Right outer joins return all tuples from the right-hand-side table, and all
tuples from the left-hand-side table that match the join condition. Tuples on
from the right-hand table that are not joined with a tuple from the left-hand
table contain NULL
wherever the left-hand table is referenced.
SELECT
employees."name" AS employee,
managers."name" AS manager
FROM employees
RIGHT OUTER JOIN managers ON employees.id = managers.manages;
employee | manager
----------+---------
Cuong | Arjun
Nikhil | Cuong
| Frank
Full outer join
Full outer joins perform both a left outer join and a right outer join. They return all tuples from both tables, and join them together where the join conditions are met.

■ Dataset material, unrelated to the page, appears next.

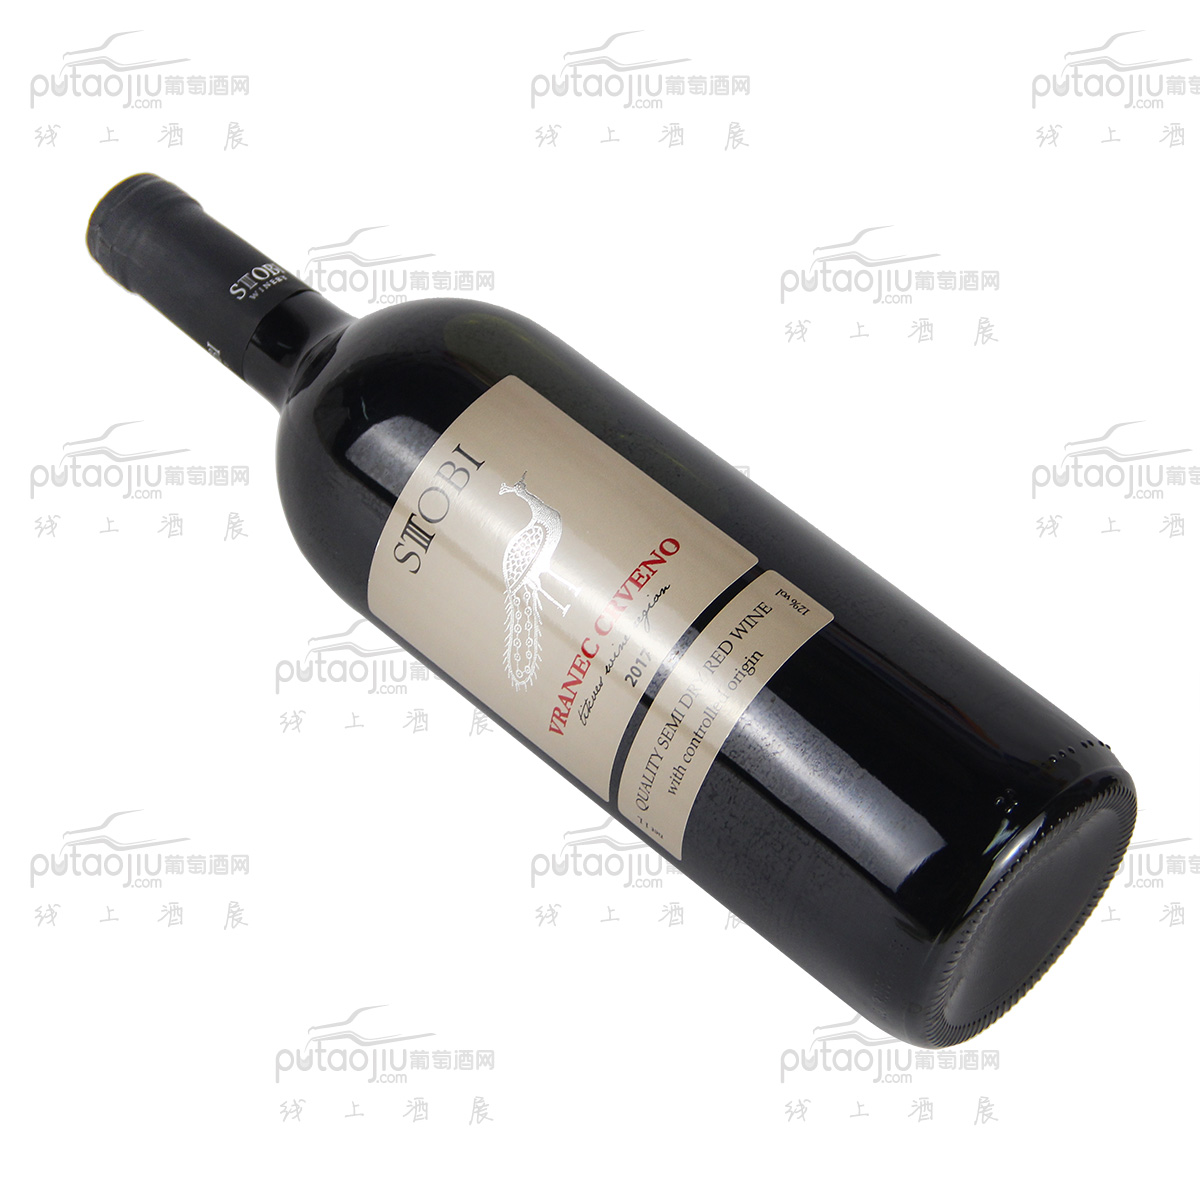 STOBI斯多比酒庄(VRANEC CRVENO)韵丽卡威罗A级半干红葡萄酒小众国家原装进口北马其顿红酒

Tuples that are not joined with the other table contain NULL
wherever the
other table is referenced.
SELECT
employees."name" AS employee,
managers."name" AS manager
FROM employees
FULL OUTER JOIN managers ON employees.id = managers.manages;
employee | manager
----------+---------
Cuong | Arjun
Nikhil | Cuong
| Frank
Arjun |
Frank |
Cross join
Cross joins return the Cartesian product of the two tables, i.e. all combinations of tuples from the left-hand table combined with tuples from the right-hand table.
Our example dataset doesn’t have a meaningful cross-join query, but the above diagram shows how cross joins form the Cartesian product.